Assistant professor, Bioengineering Department, College of Engineering 

Research focus: Understanding how cell and matrix mechanobiology can be used in wound healing and cancer treatment 

How it started

When Karin Wang began her undergraduate studies in biomedical engineering, she did not anticipate that an introductory chemistry course would lead to collaborating with professors to create meshlike structures that help repair tissues in the body, like fixing hernias or damaged blood vessels. The experience was so rewarding that she continued to learn more about biomaterials and cell behavior, with the goal of one day running her own research lab where she could continue to ask questions about how our body maintains tissue homeostasis or drives disease progression.  

Today, her work focuses on how cells create their own matrix protein scaffold networks to close wounds or to facilitate fibrosis or metastasis. In her lab, she combines engineering, materials science and cell biology to create platforms and tools that help us see how cells and matrix networks behave together. Her aim is to understand and stop harmful interactions between cells and their environment, which could lead to conditions like fibrosis or cancer.  

Wang’s lab was recently awarded a Medical Research Program Grant from the W.W. Smith Charitable Trust to develop a platform that helps understand how signals from the surrounding tissue contribute to breast cancer spreading. 

Her research has been published in Nature Reviews Materials, Lab on a Chip, Advanced Drug Delivery Reviews and, most recently, the American Journal of Physiology-Cell Physiology. 

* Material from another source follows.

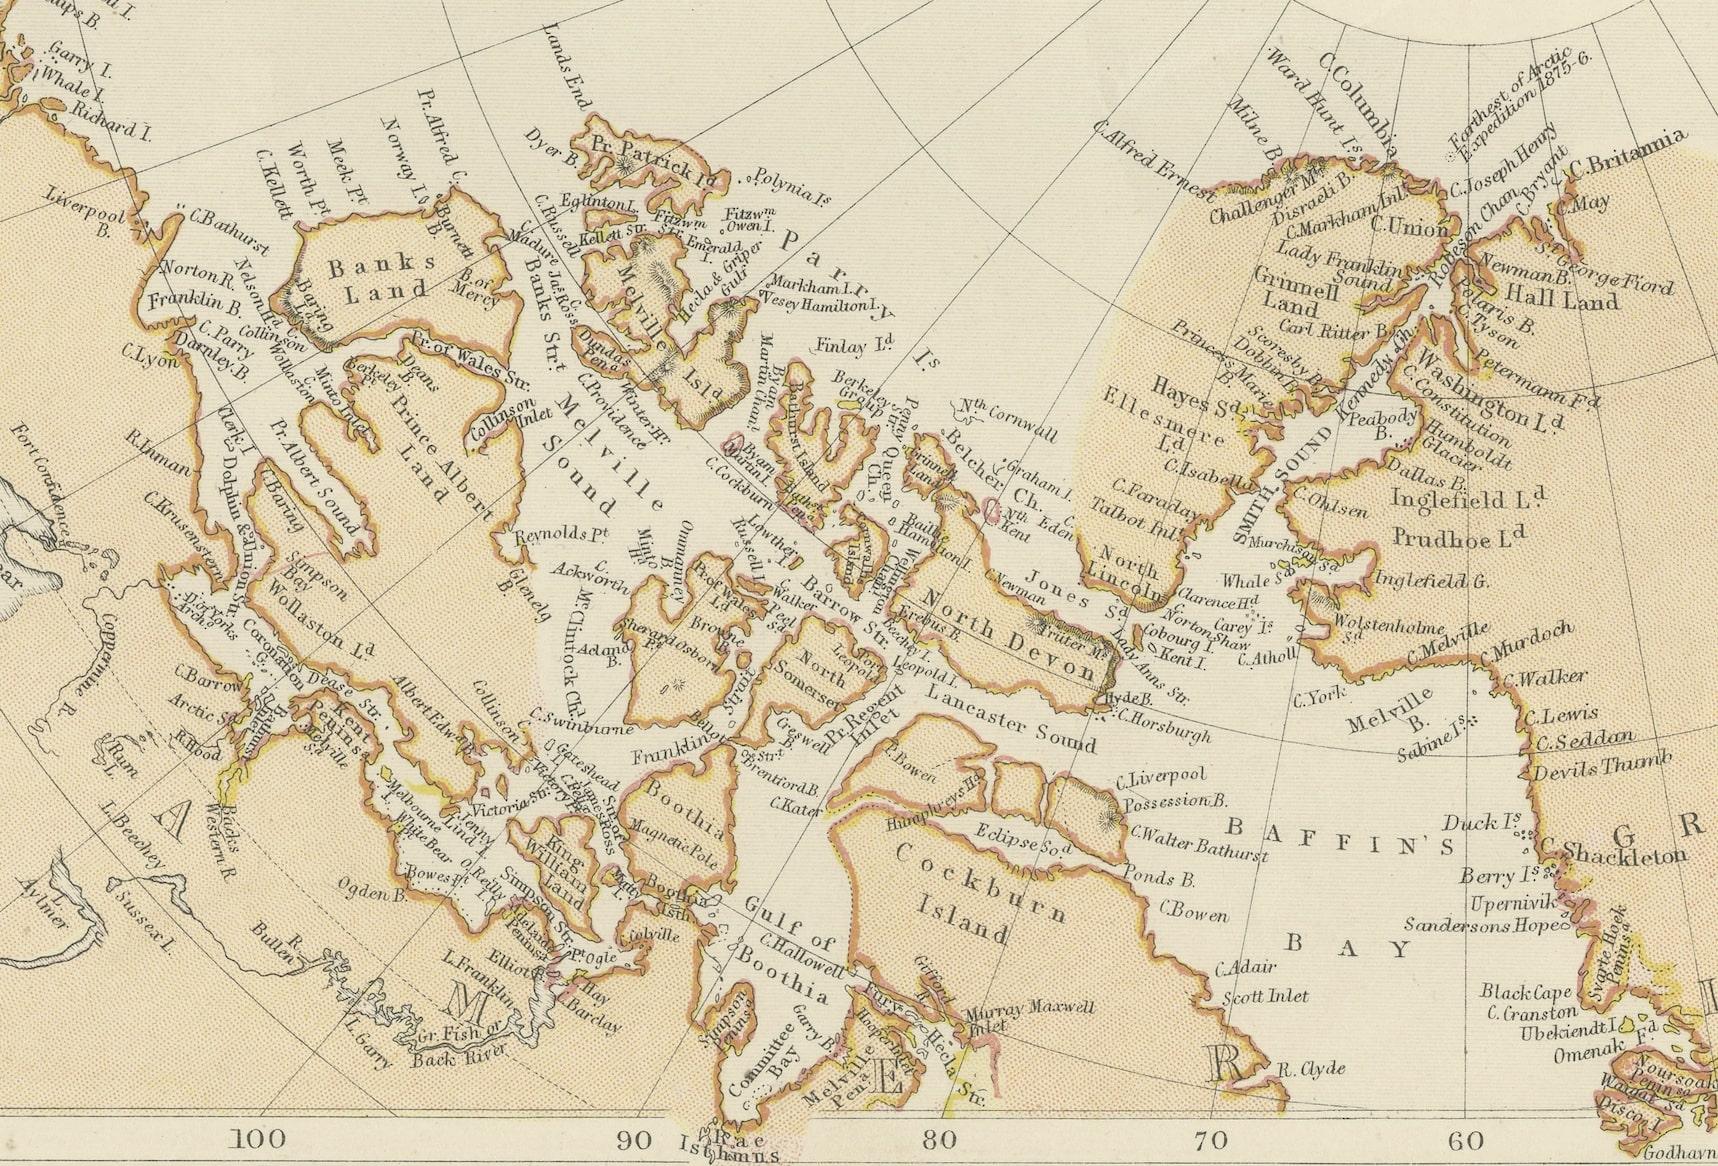 This map, extracted from the 1882 atlas by Blackie & Son, presents the North Circumpolar Regions in a projection centered on the North Pole, offering a unique view of the Arctic territories. The map's radial lines emanate from the pole, focusing on

Courses taught: Introduction to Bioengineering, Mechanobiology and Bioengineering Graduate Seminar 

Advice for other women in STEM

“Find awesome mentors and friends, and make sure to put in the work to maintain a relationship with them. They are your network that will advocate for you, push you to overcome obstacles and celebrate successes with you.” 



Image of Irina Mitrea

Irina Mitrea  

Laura H. Carnell professor, Department of Mathematics, College of Science and Technology 

Research focus: Solving complex math problems using a method called singular integral operators 

How it started

Irina Mitrea has always been interested in mathematics and fascinated by every single effort to push the boundary of what is known and understood. As she advanced in her career, she worked with mega structures and focused on bringing together different areas of math that were once thought to be separate. Figuring out how geometry, analysis and algebra can work together in unison to solve partial differential equations and model physical phenomena has been a guiding light throughout Mitrea’s career. 

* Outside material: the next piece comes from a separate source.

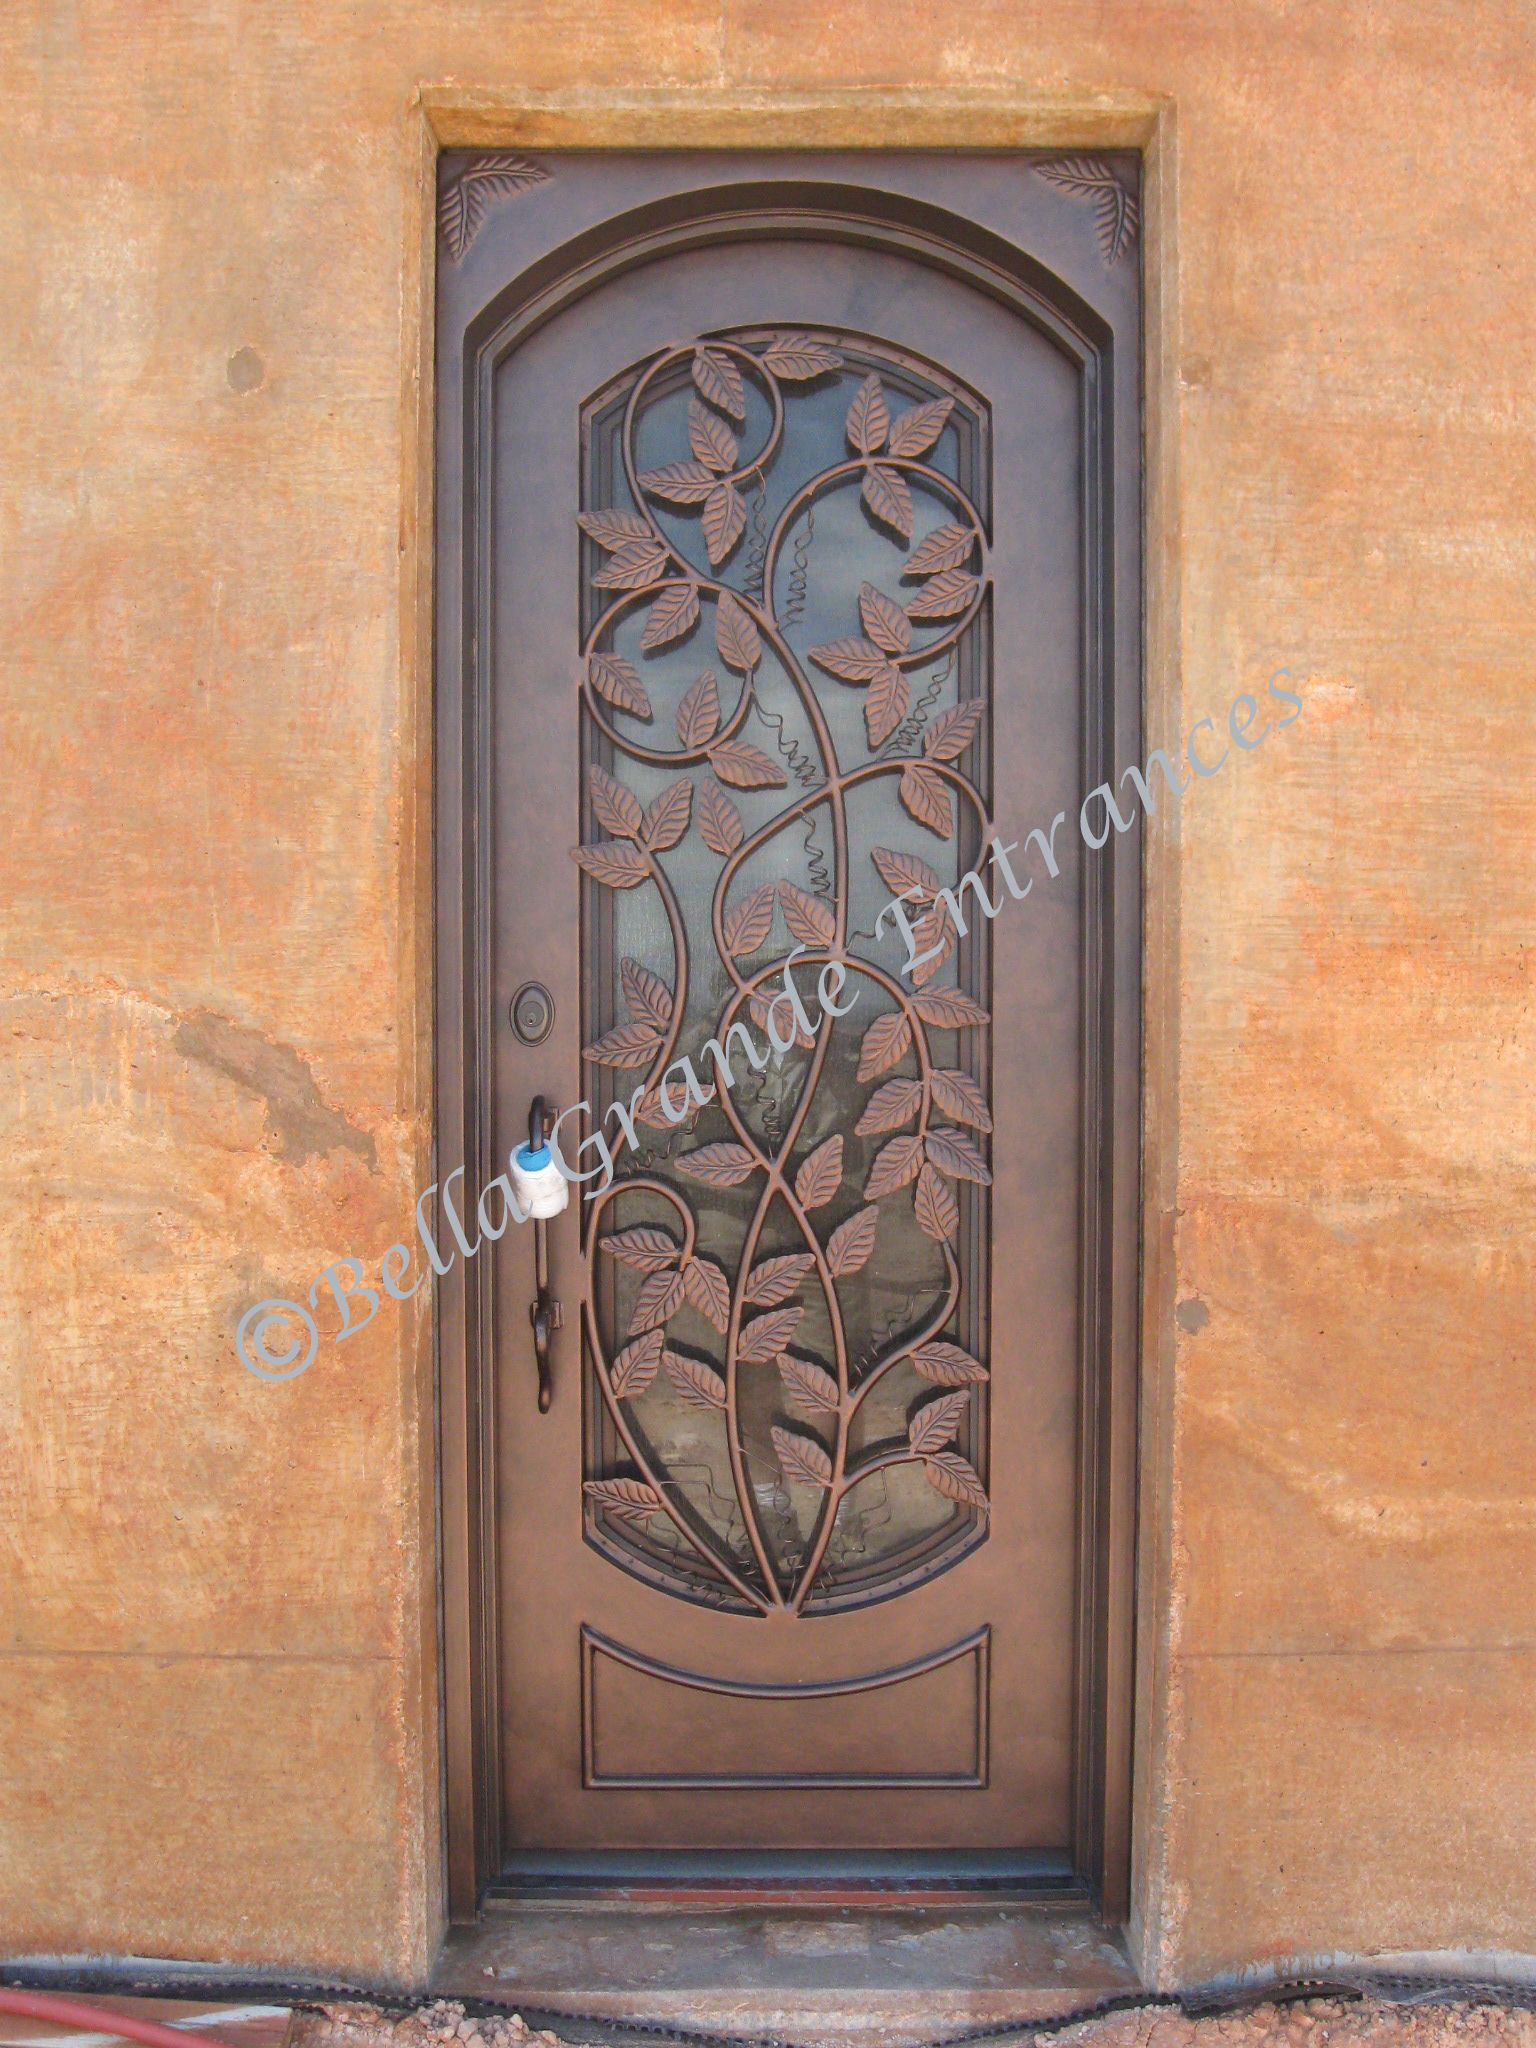 A close-up of a leafy design decorating an iron door at a house in Las Vegas.

Today, she studies how different mathematical areas like harmonic analysis, partial differential equations and geometric measure theory come together. Her research focuses on solving complex math problems using a method called singular integral operators. 

She has had more than 60 research articles published in top journals such as Advances in Mathematics, Analysis and PDE, Notices of the American Mathematical Society, and the Journal of Functional Analysis. She also recently published the Geometric Harmonic Analysis five volume series, a monumental mathematical tour de force which has been 15 years in the making. The series introduces a new and sophisticated theory for answering very difficult mathematics questions, and she expects it to serve as a platform for future research at the crossroads between geometry and harmonic analysis. 

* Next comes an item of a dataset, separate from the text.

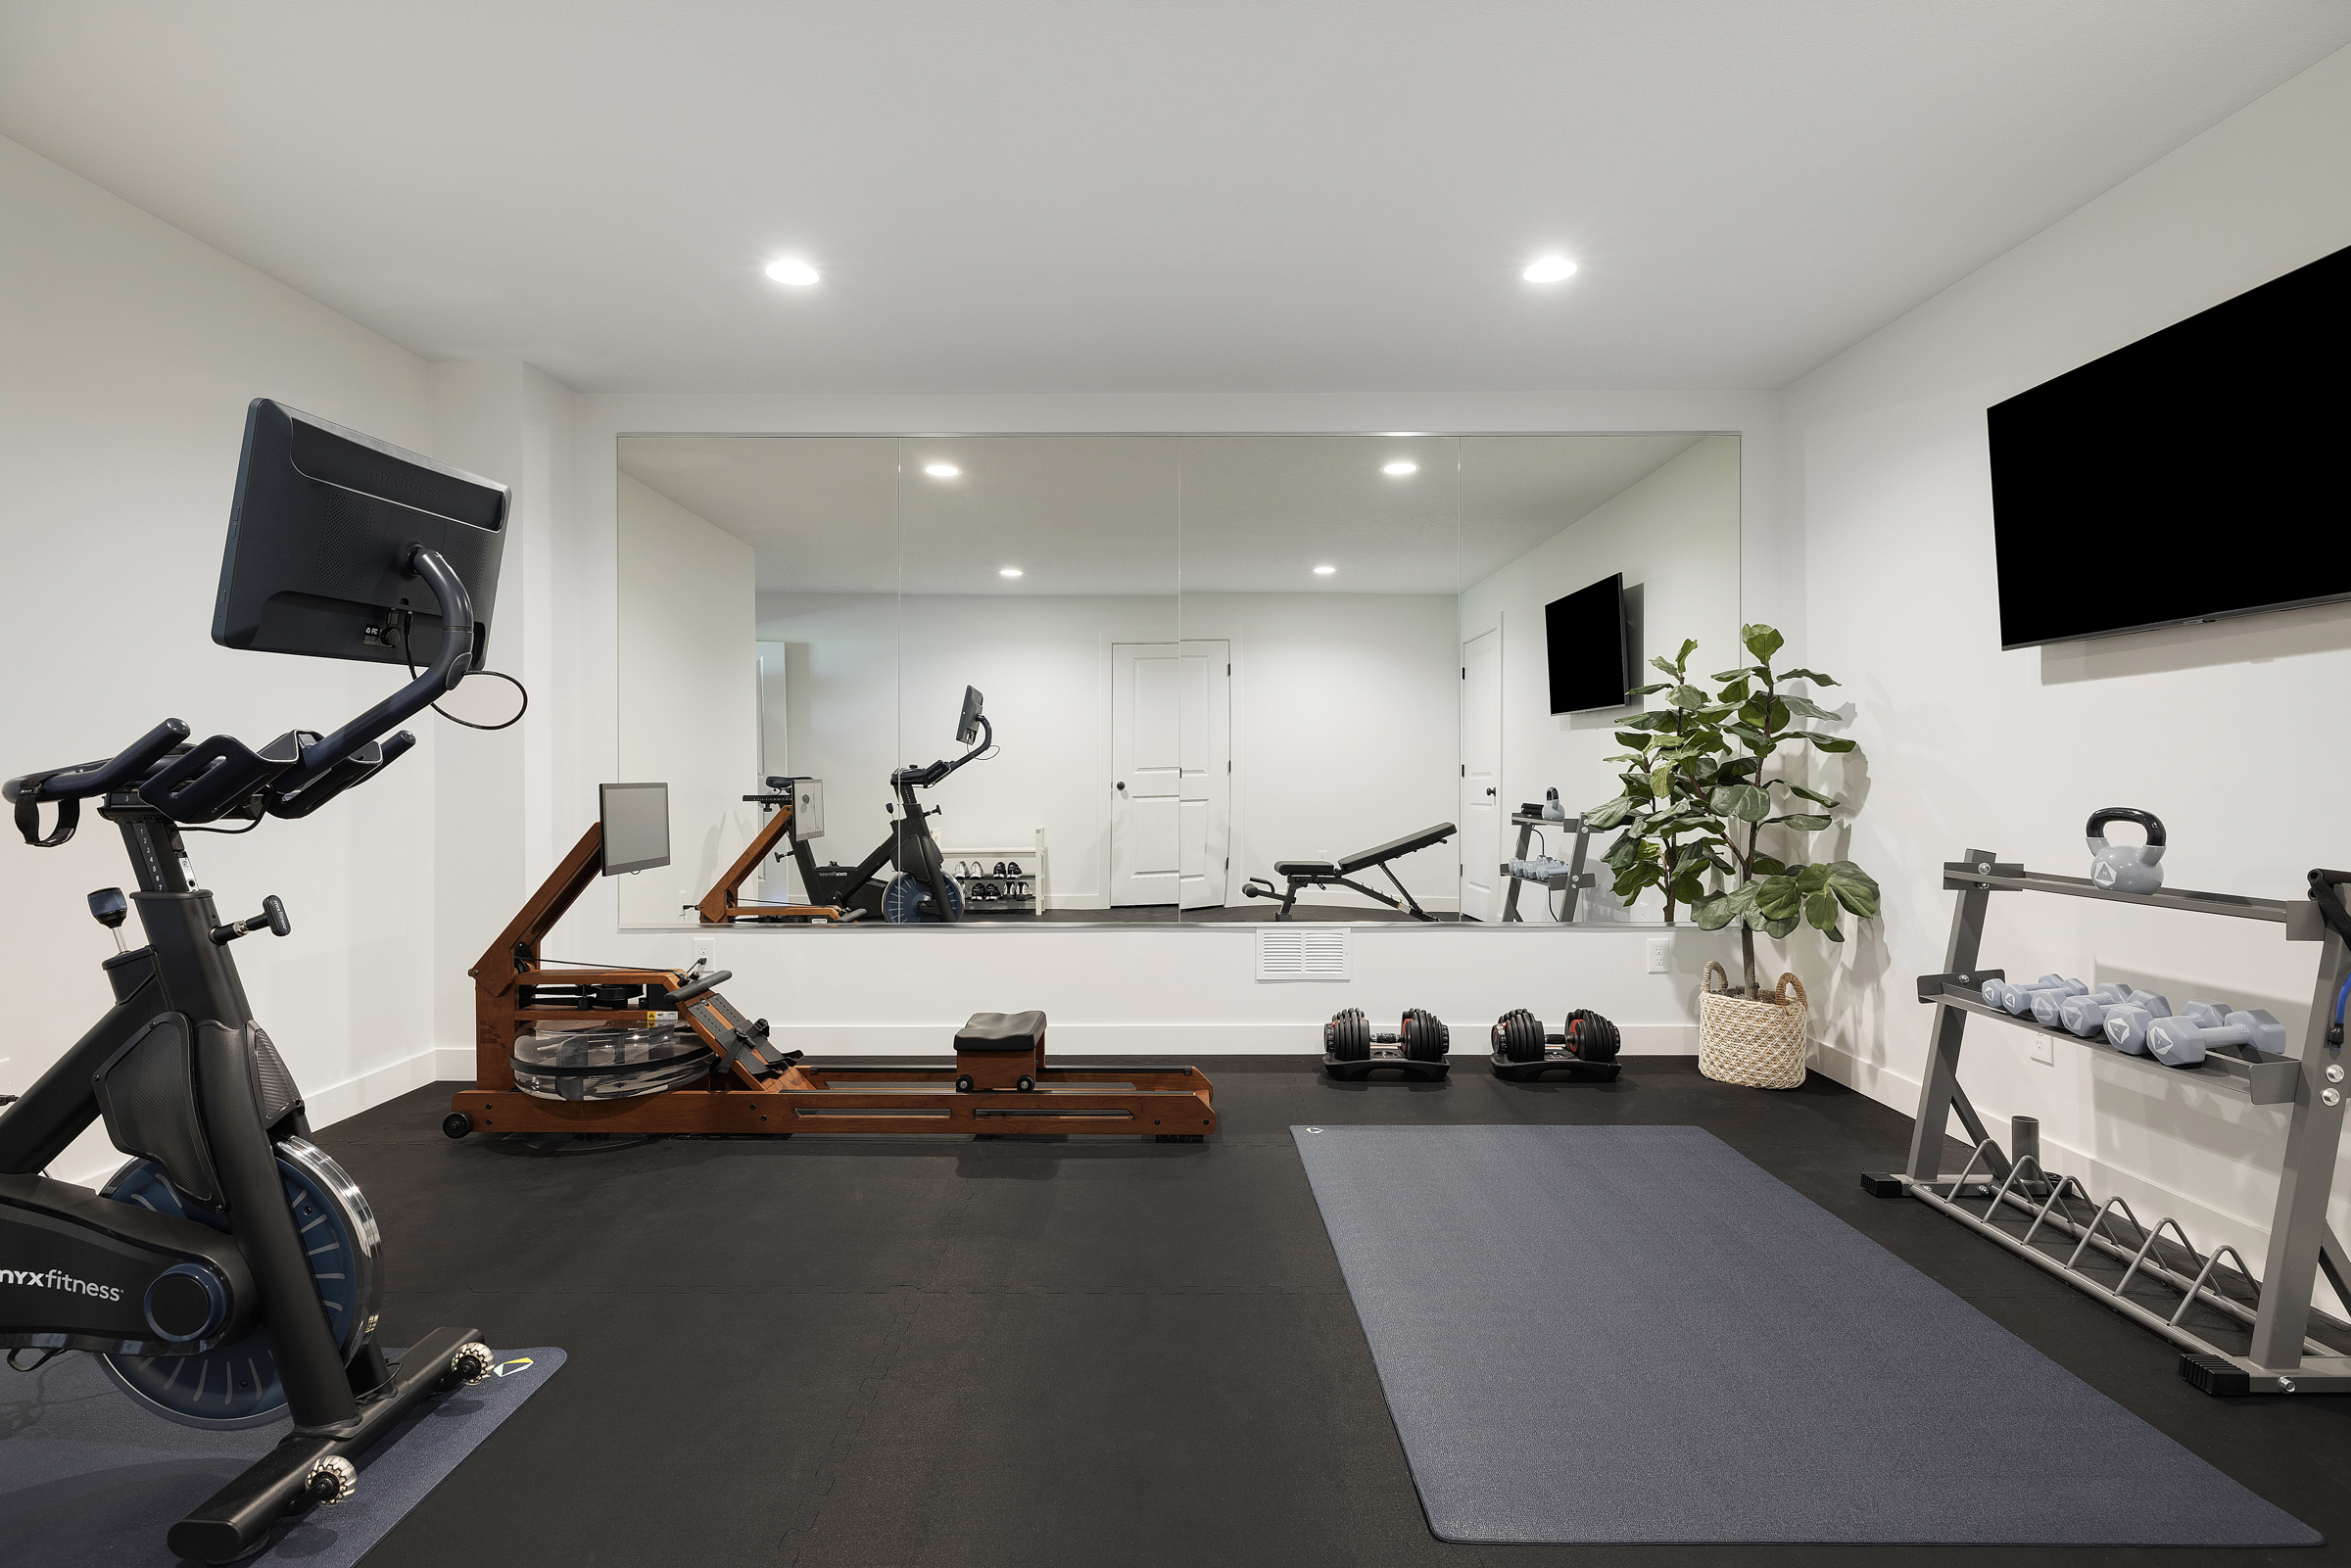 The Styled Press Gym Reveal | Before and After 65

Courses taught: Advanced Calculus I and II, Partial Differential Equations, Singular Integrals for Elliptic Boundary Value Problems, and Harmonic Analysis 

Advice for other women in STEM

“Believe in yourself and always take initiative. Good things come from being proactive. Be aware that even what turns out in the end to be a bright idea starts really small and takes a lot of time to develop. Nurture those small thoughts and intuitions until they are fully formed. And surround yourself with people who support you and inspire you. I personally am so hopeful seeing the extraordinary talent of the younger generation of women in mathematics and so grateful for the work they do every day to help redraw professional norms for a more inclusive and diverse mathematical community.”